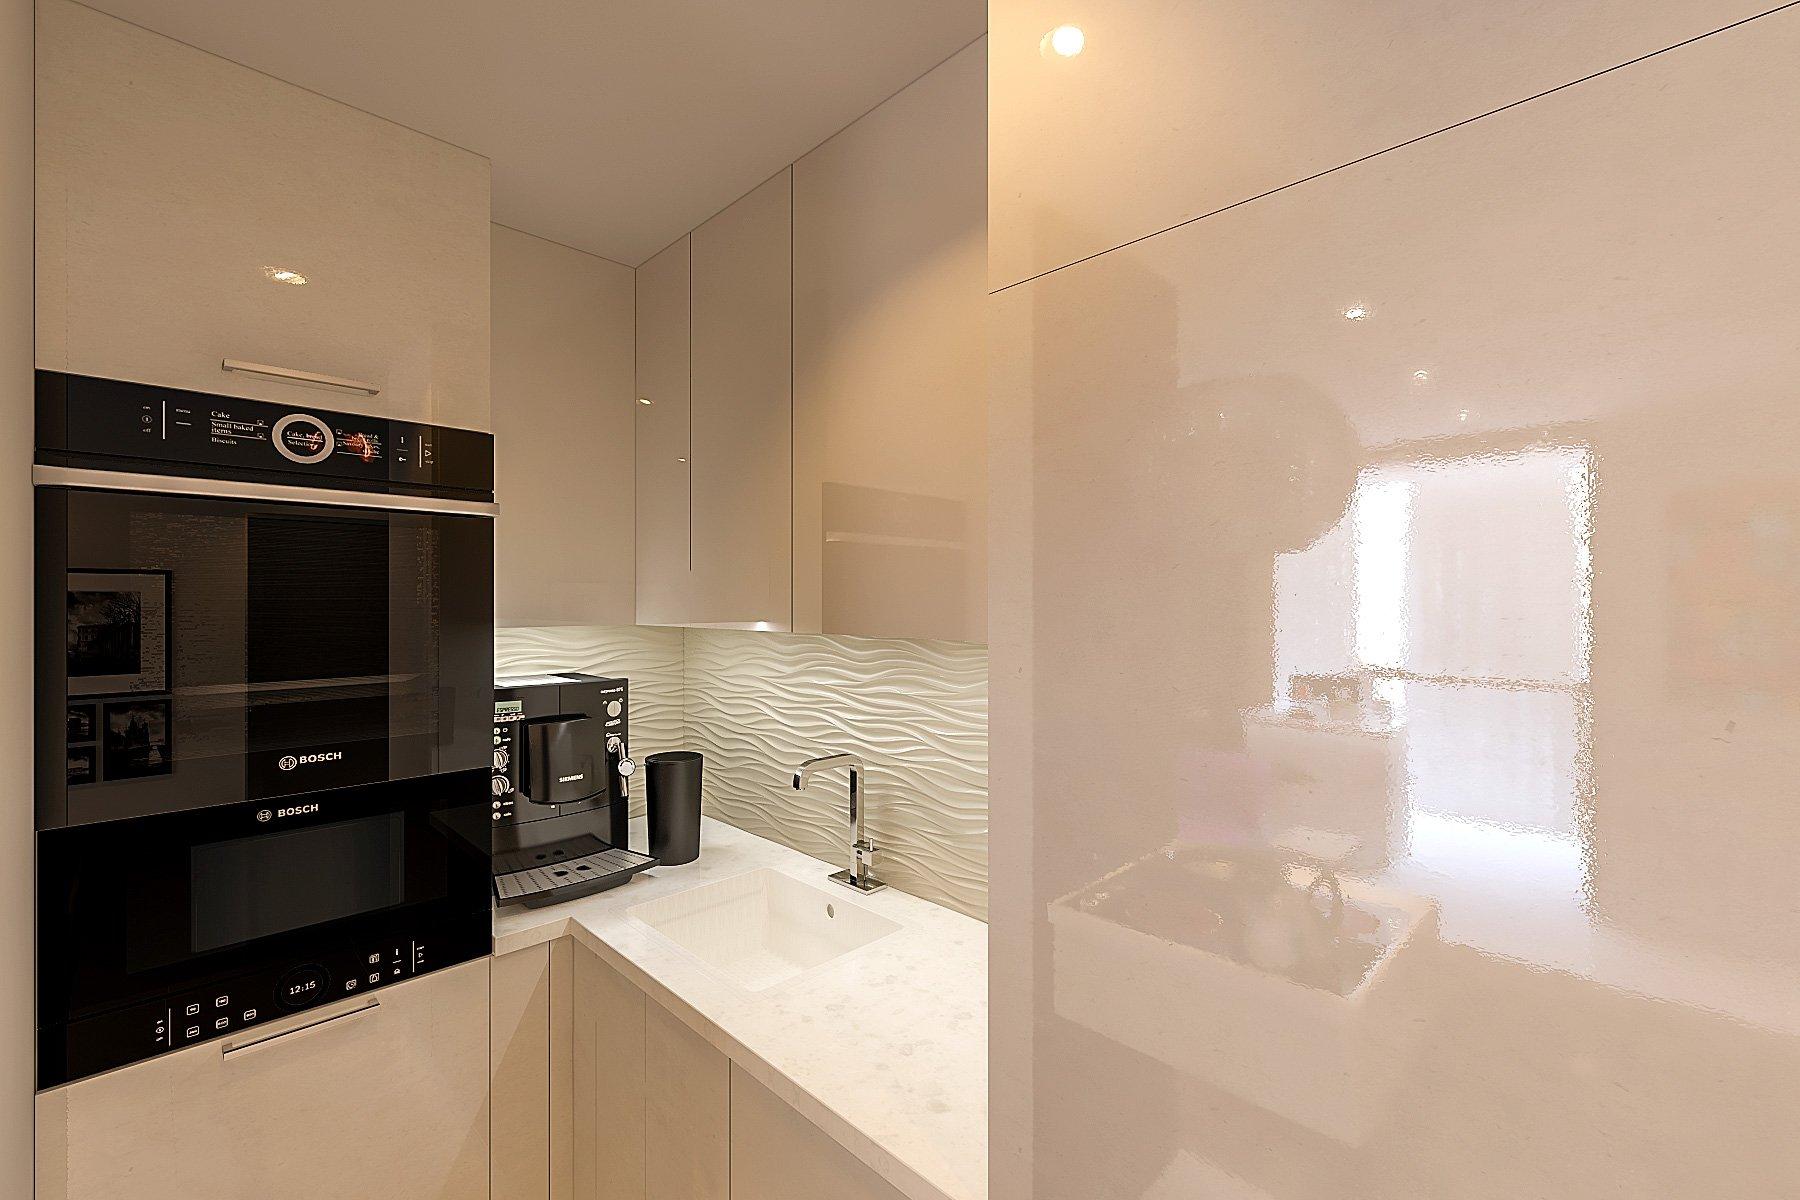 светлый, кремовый, глянцевый, маленький, компактный кухонный гарнитур со всей необходимой бытовой техникой, с встраиваемой подсветкой, до потолка, встроенный холодильник
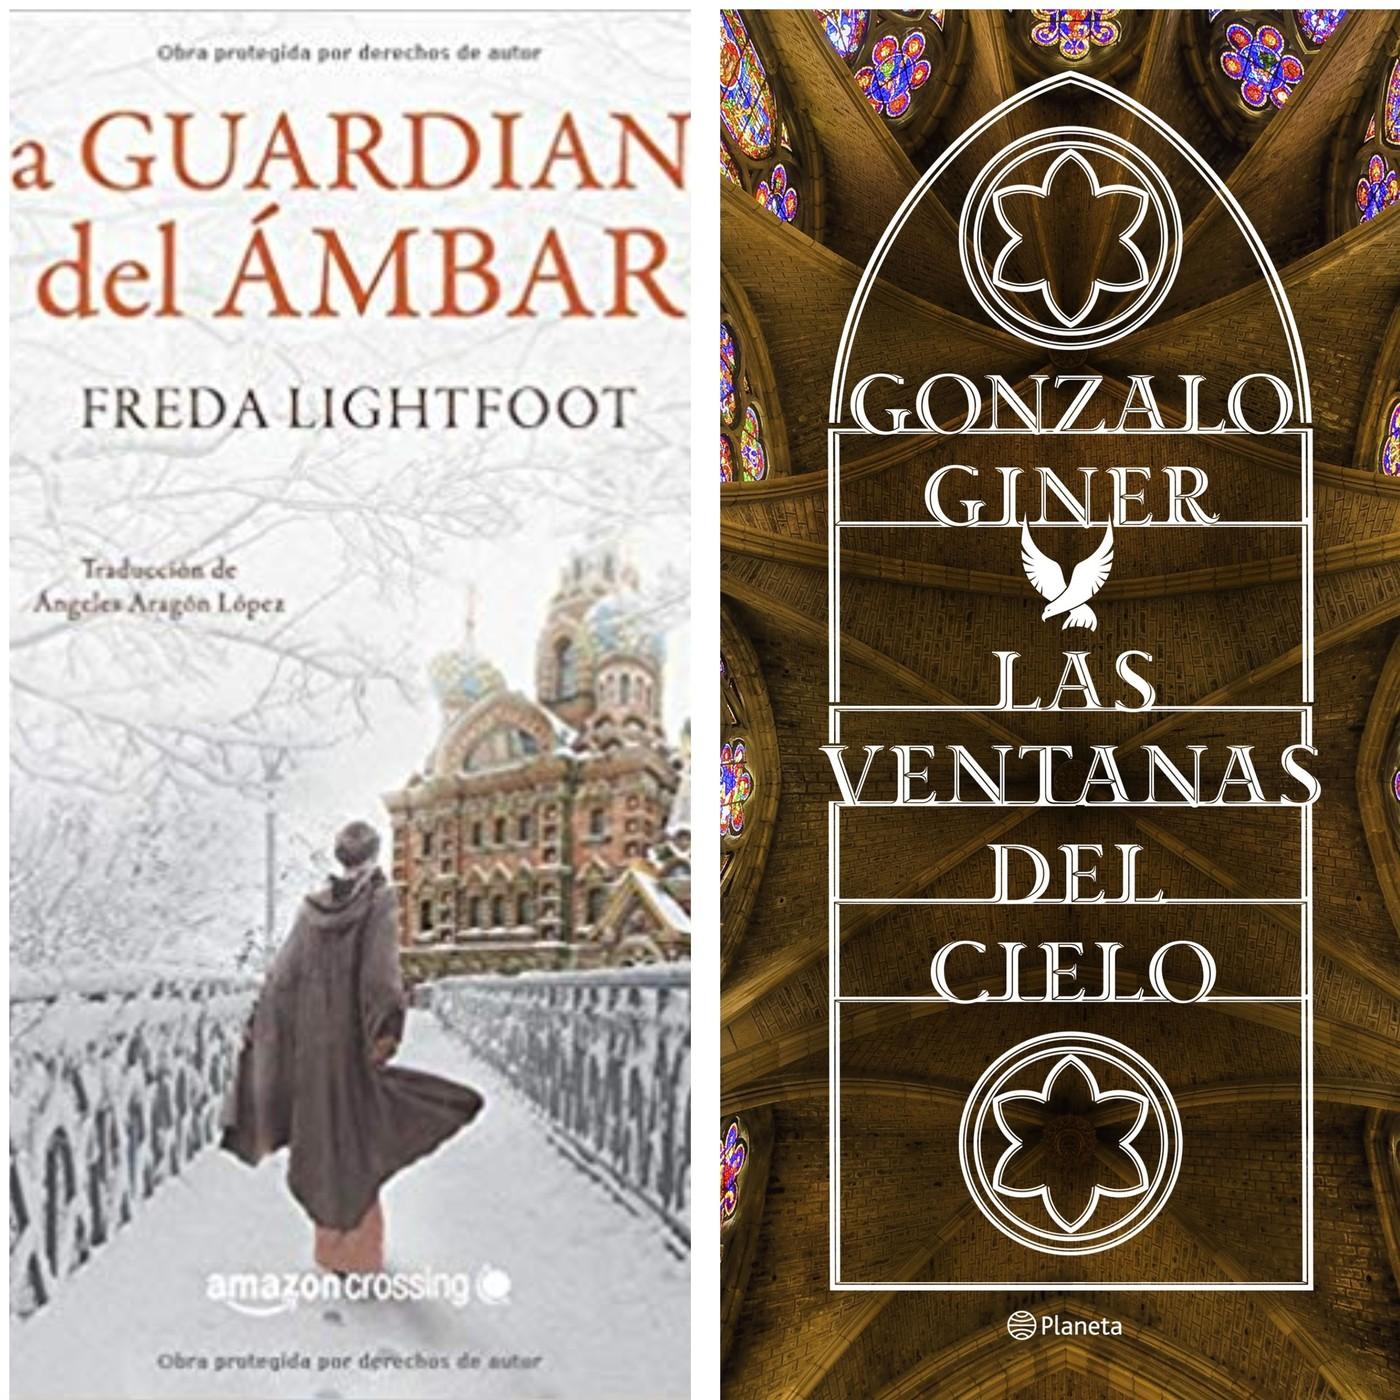 2x08 - La Guardiana del Ambar + Las Ventanas del Cielo en La Biblioteca del  Té en mp3(28/10 a las 14:02:48) 36:38 29655193 - iVoox
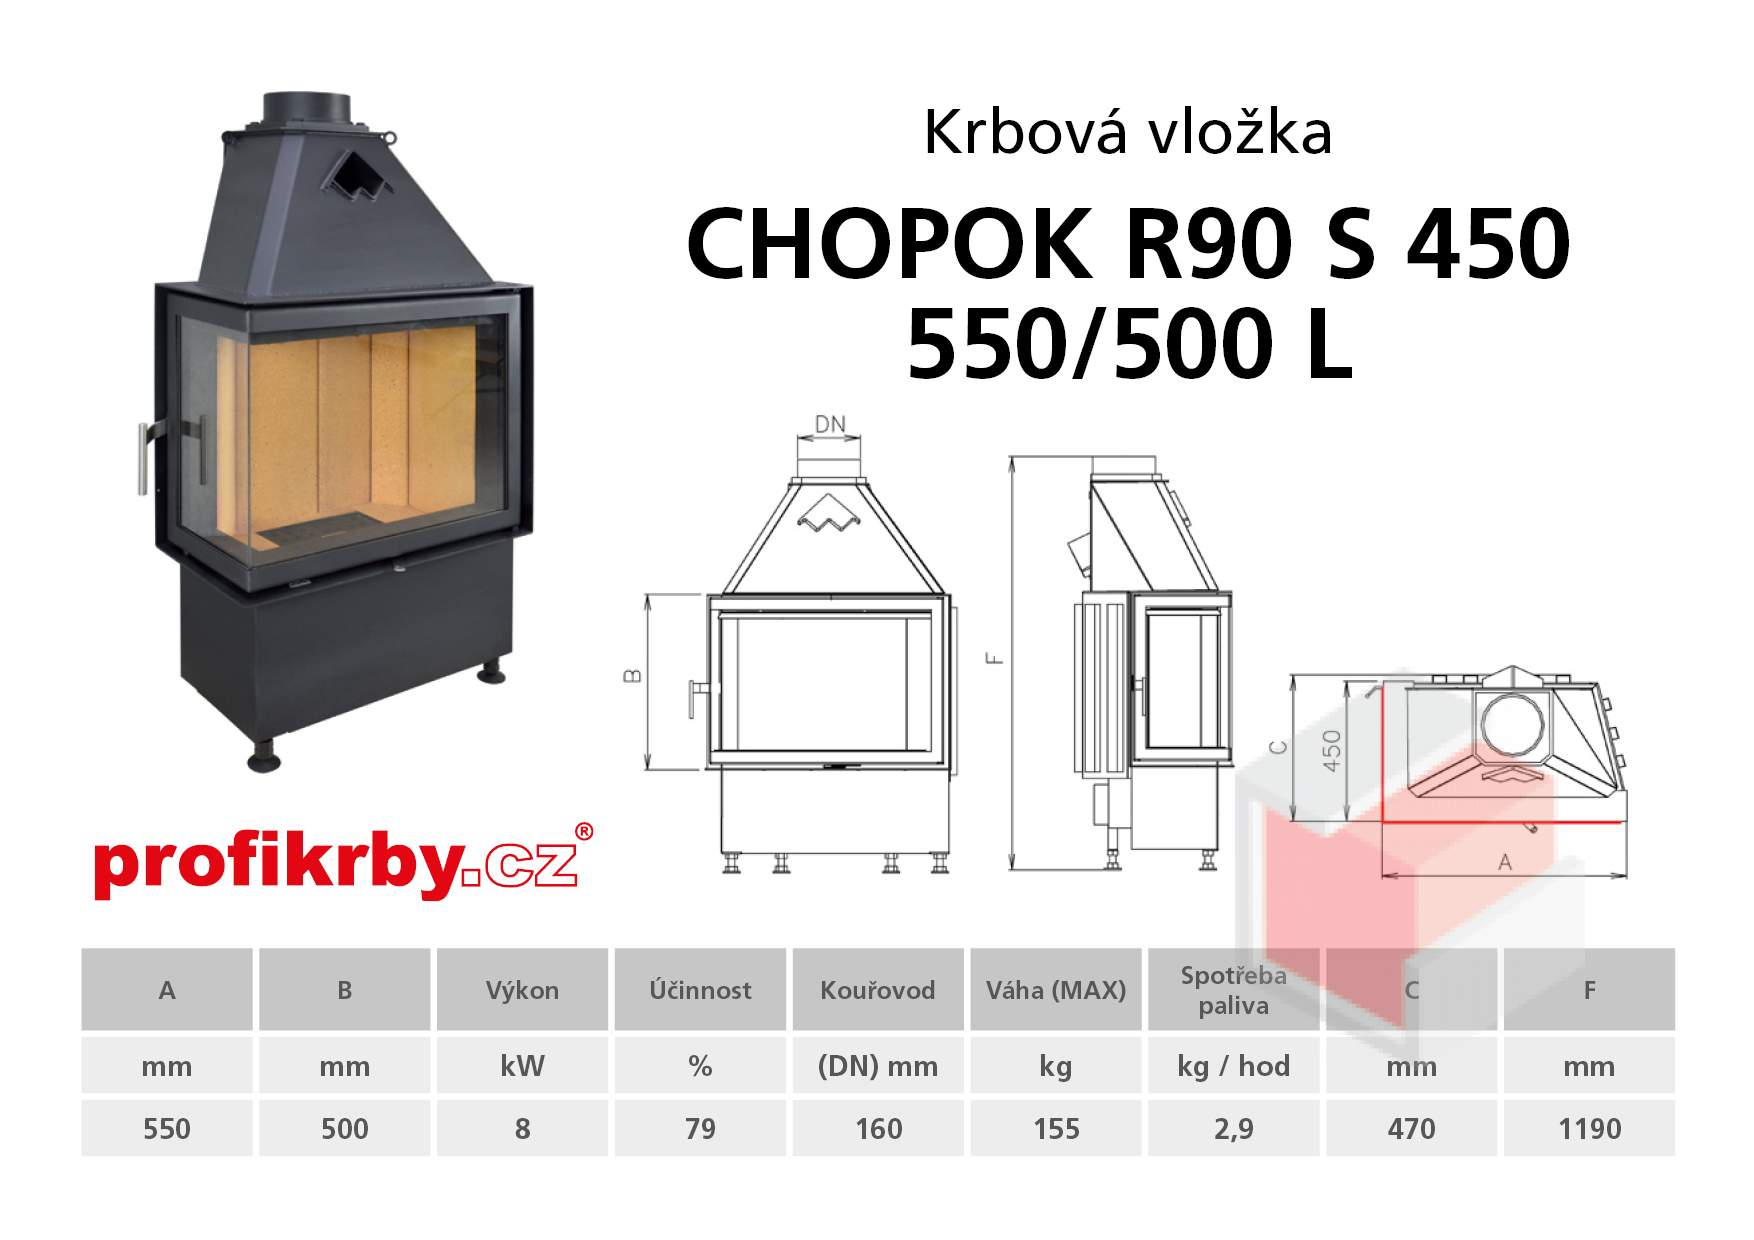 Krbová vložka CHOPOK R90Sx450 550 500 - Rohová - Levá
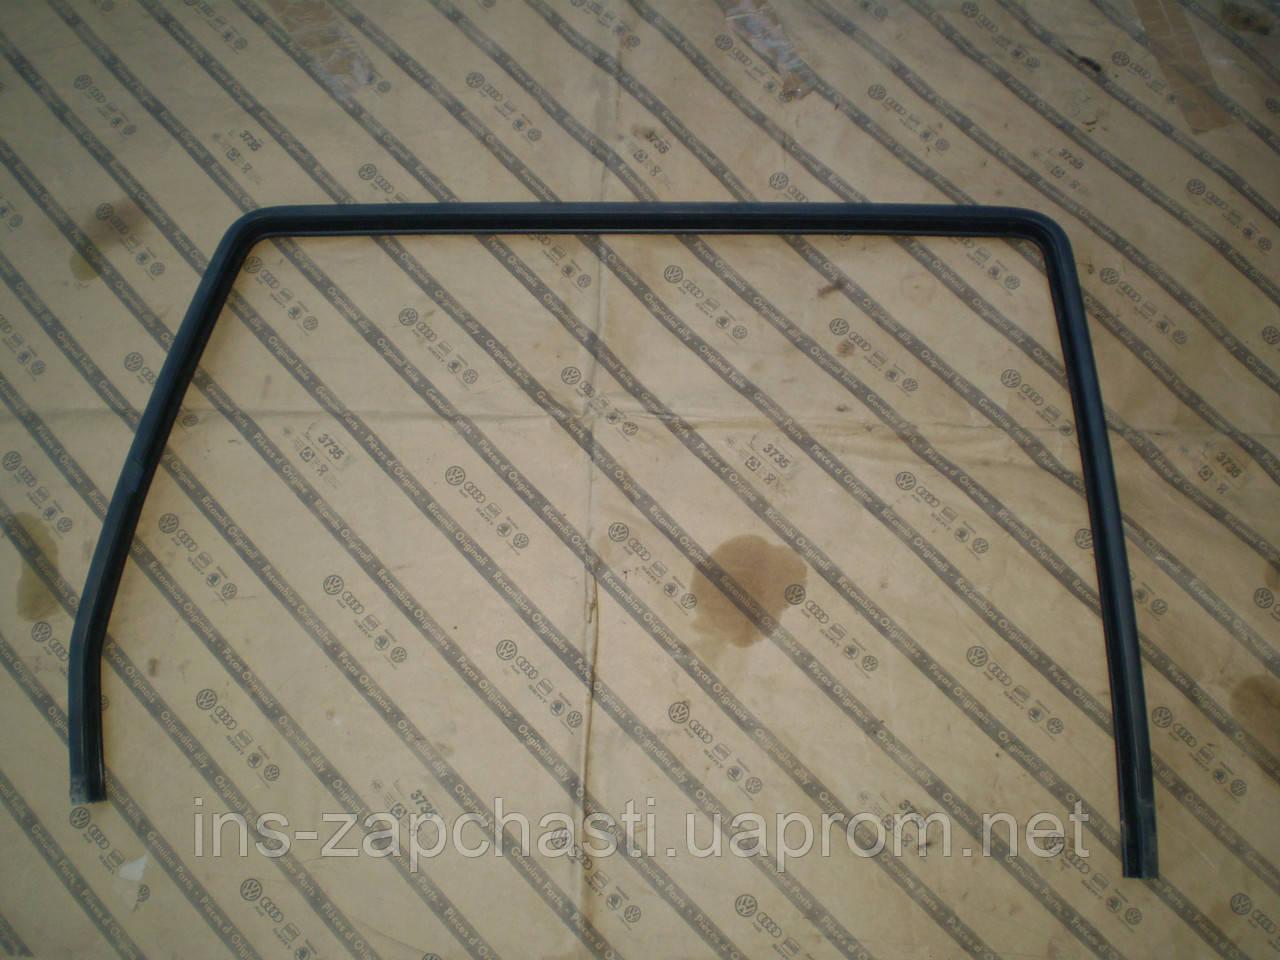 Уплотнитель стекла, Рамка стекла. Обводка стекла. на заднюю праву дверку Sharan Alhambra Galaxy

[Work order]: Please write the data out again exactly, but do not carry over the pictures.

[Result of the task]:
 светлый, кремовый, глянцевый, маленький, компактный кухонный гарнитур со всей необходимой бытовой техникой, с встраиваемой подсветкой, до потолка, встроенный холодильник
 2x08 - La Guardiana del Ambar + Las Ventanas del Cielo en La Biblioteca del  Té en mp3(28/10 a las 14:02:48) 36:38 29655193 - iVoox
 Krbová vložka CHOPOK R90Sx450 550 500 - Rohová - Levá
 Уплотнитель стекла, Рамка стекла. Обводка стекла. на заднюю праву дверку Sharan Alhambra Galaxy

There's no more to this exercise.